Restate the data below word for word, omitting pictures.

■ DATA SEGMENT ■
- - - -
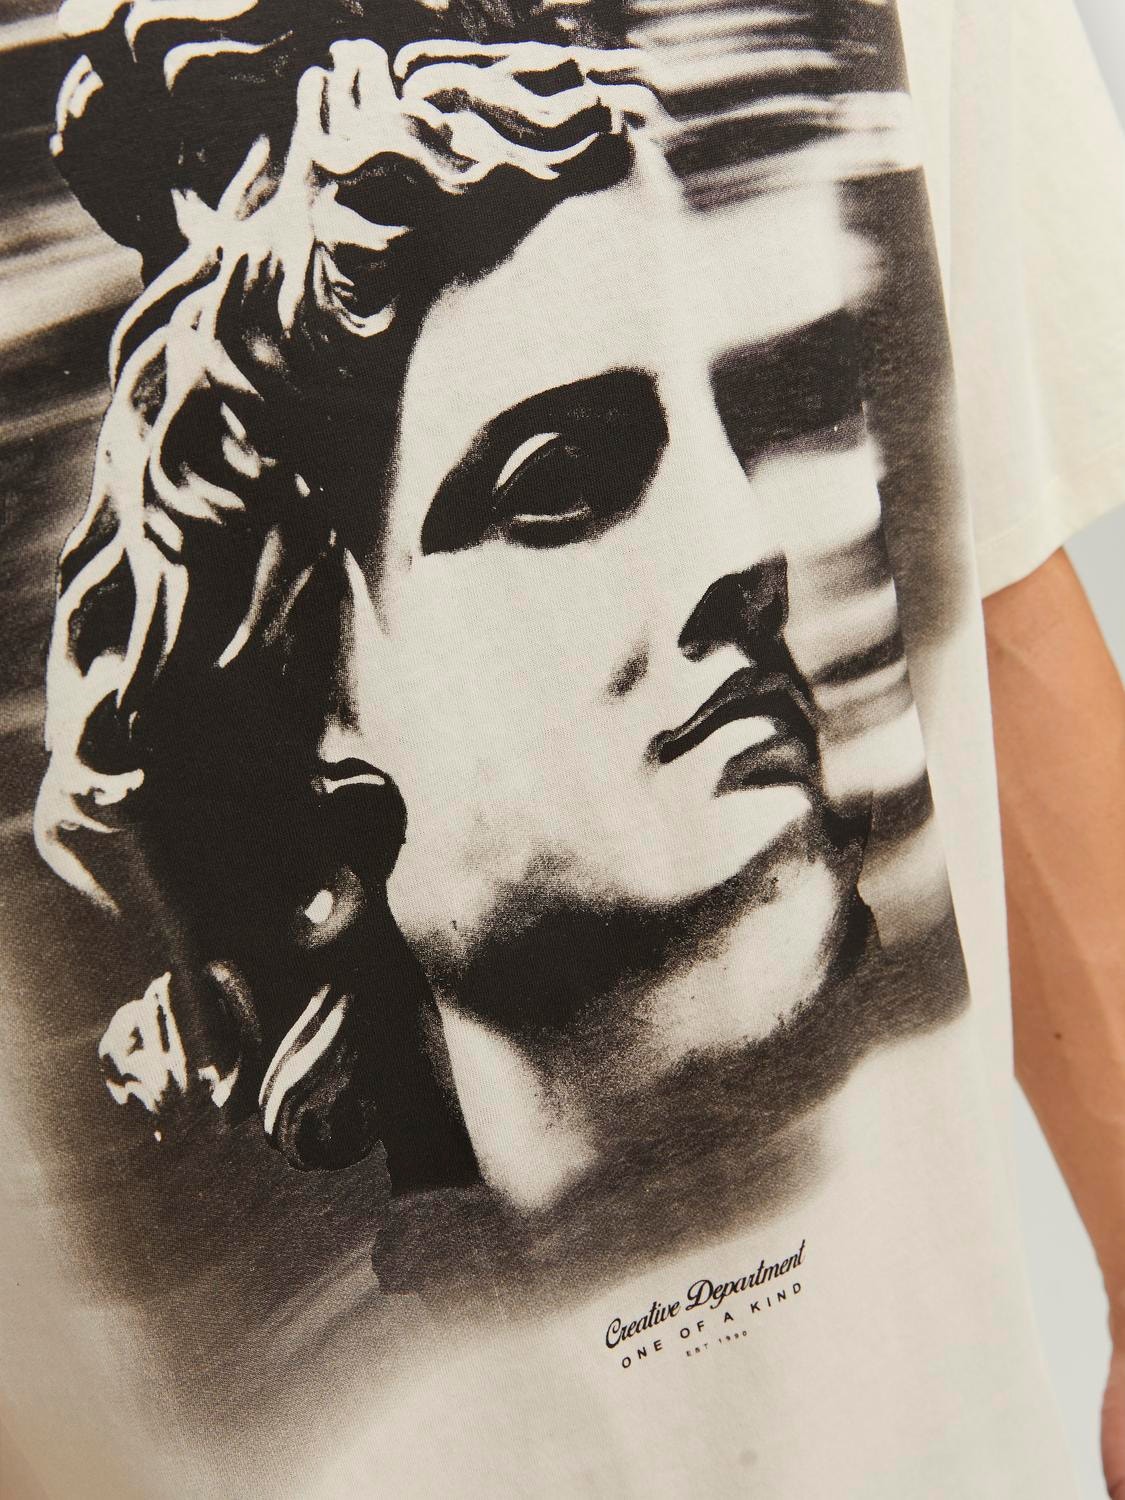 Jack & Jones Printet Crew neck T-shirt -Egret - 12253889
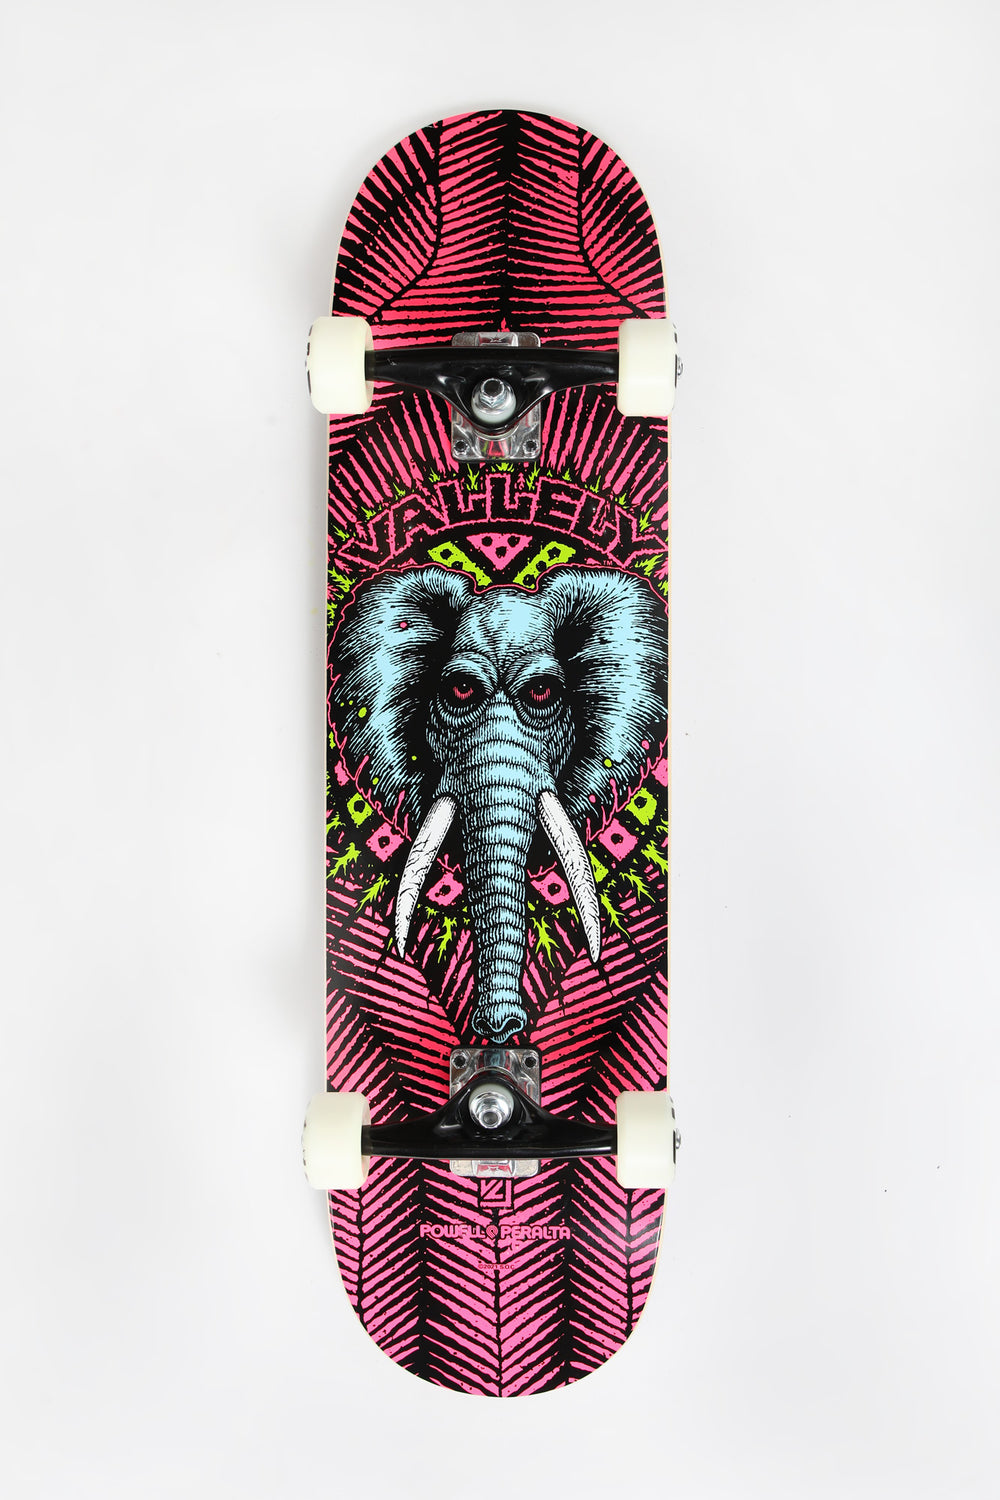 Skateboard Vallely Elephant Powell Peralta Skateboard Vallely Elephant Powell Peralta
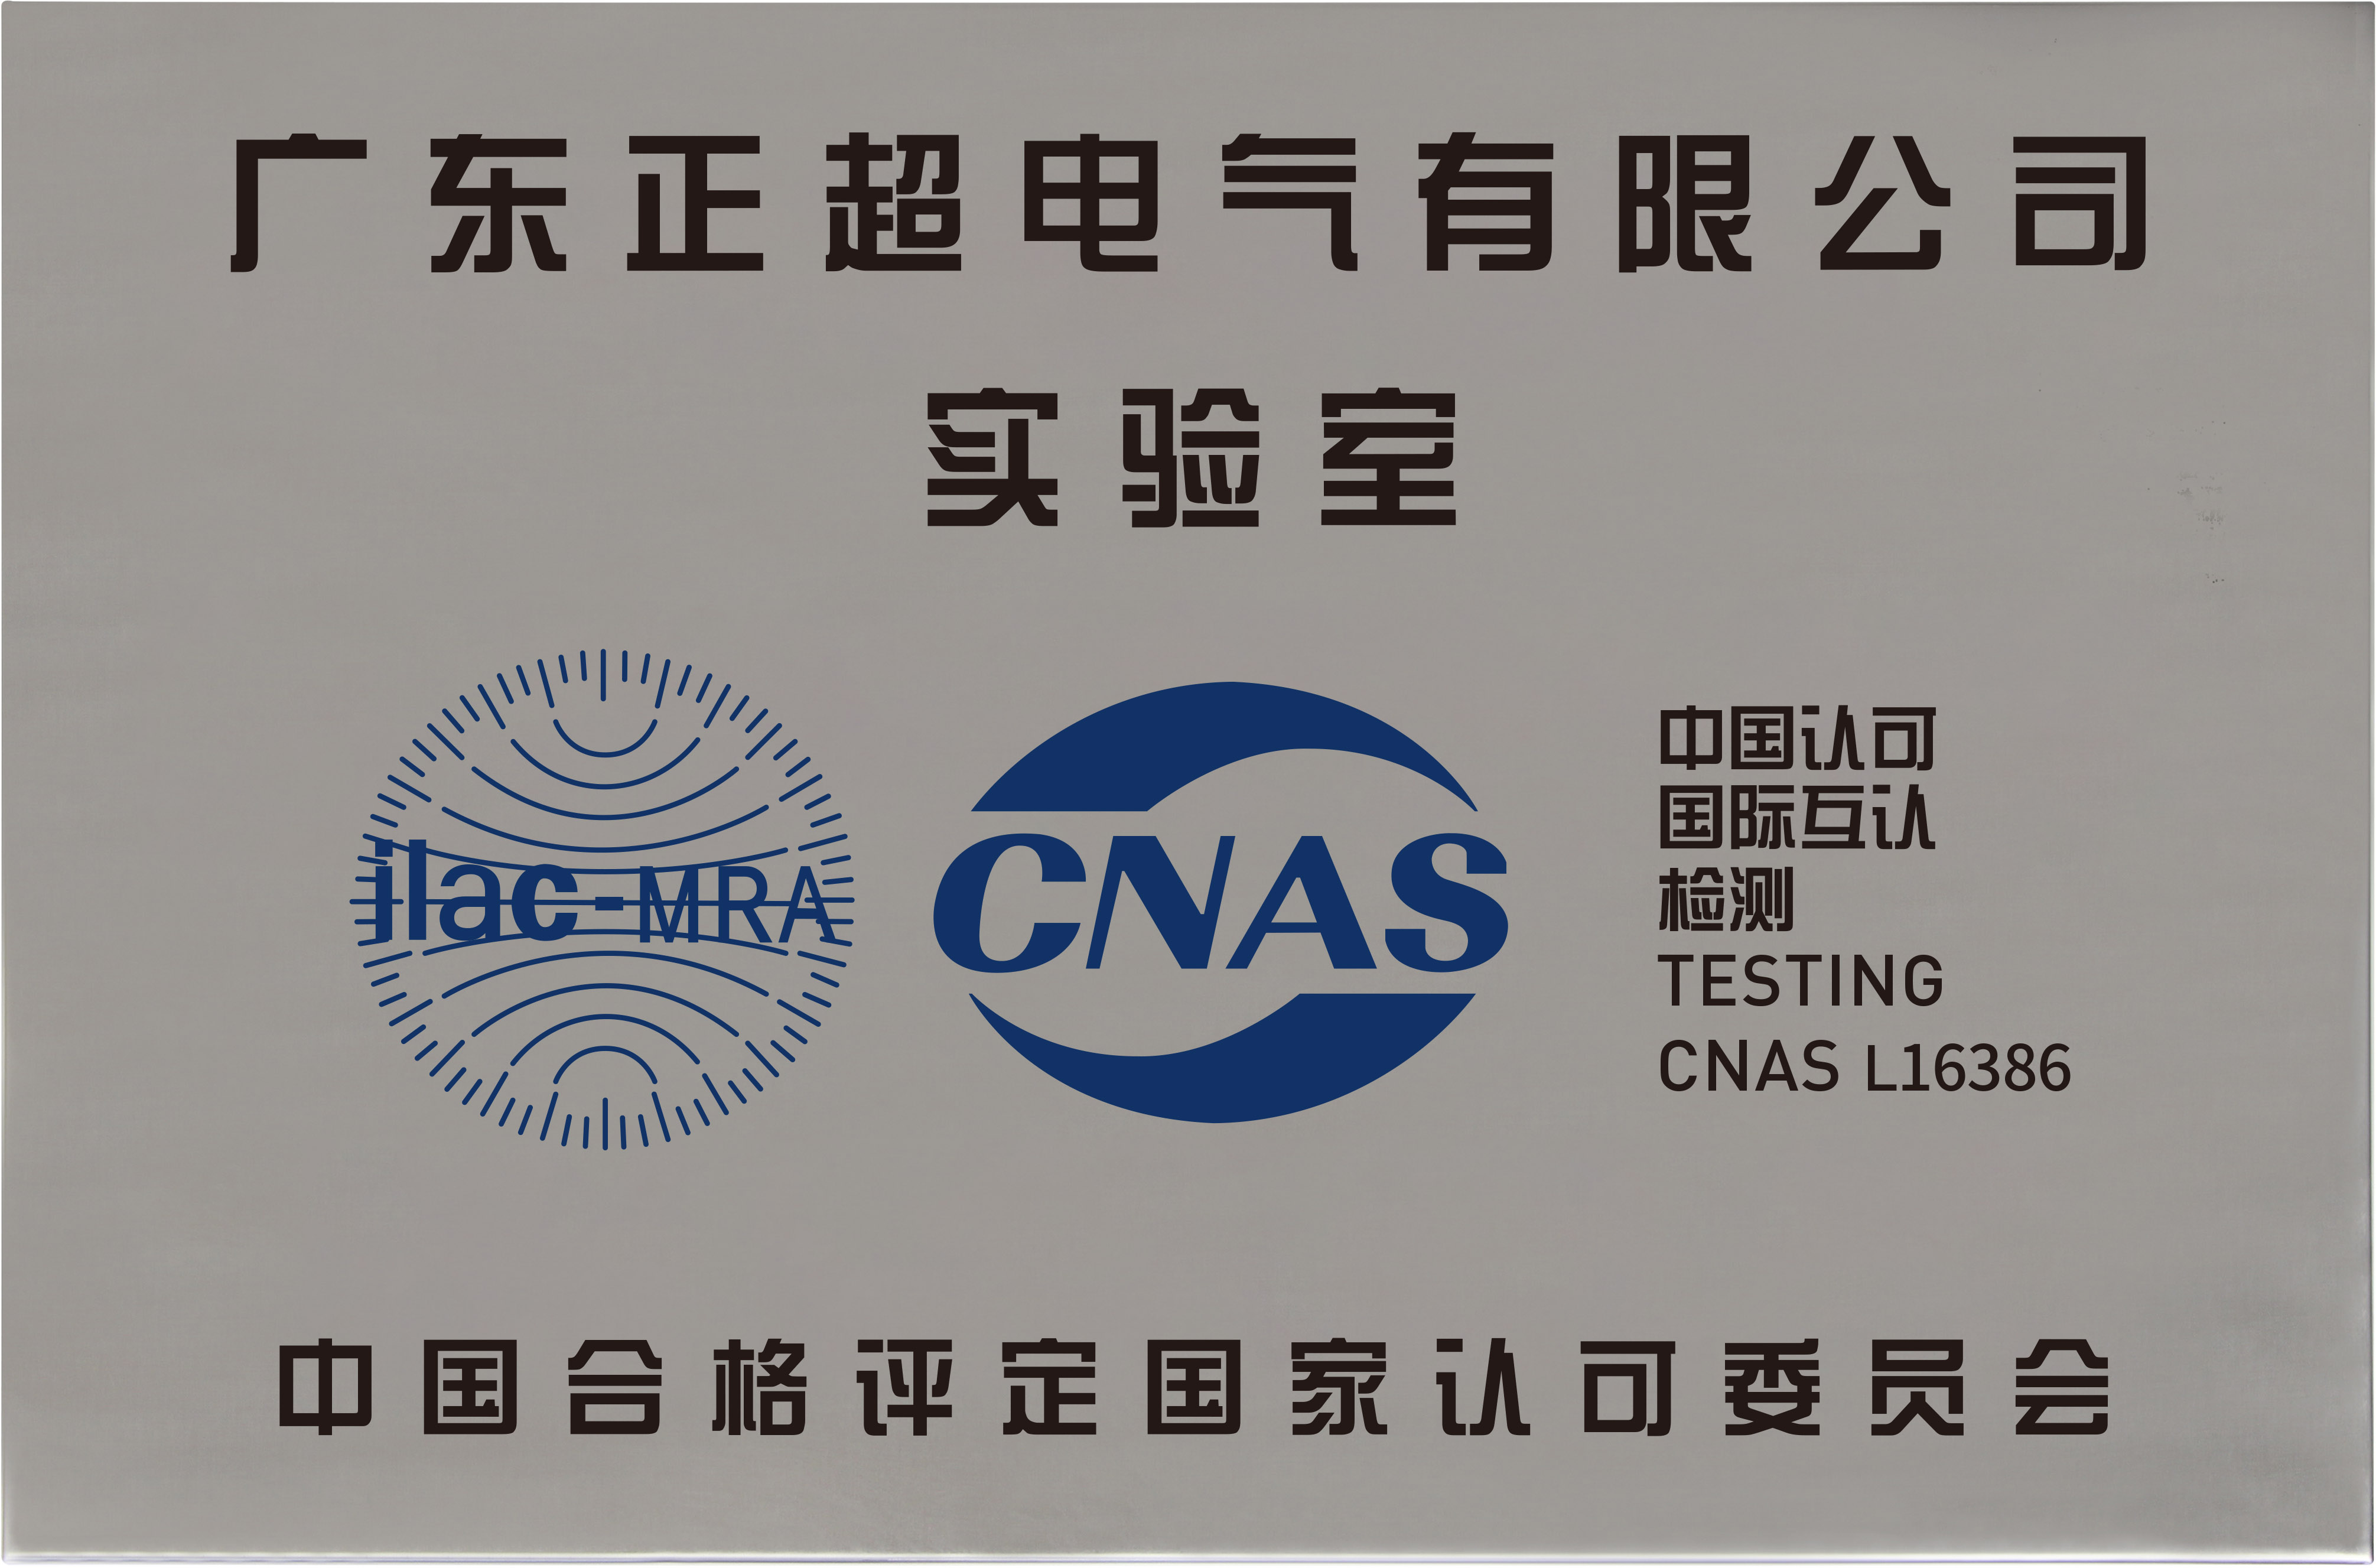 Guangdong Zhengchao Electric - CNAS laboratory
- - - -
■ ANSWER AREA ■
 Jack & Jones Printet Crew neck T-shirt -Egret - 12253889
 Skateboard Vallely Elephant Powell Peralta Skateboard Vallely Elephant Powell Peralta
 Guangdong Zhengchao Electric - CNAS laboratory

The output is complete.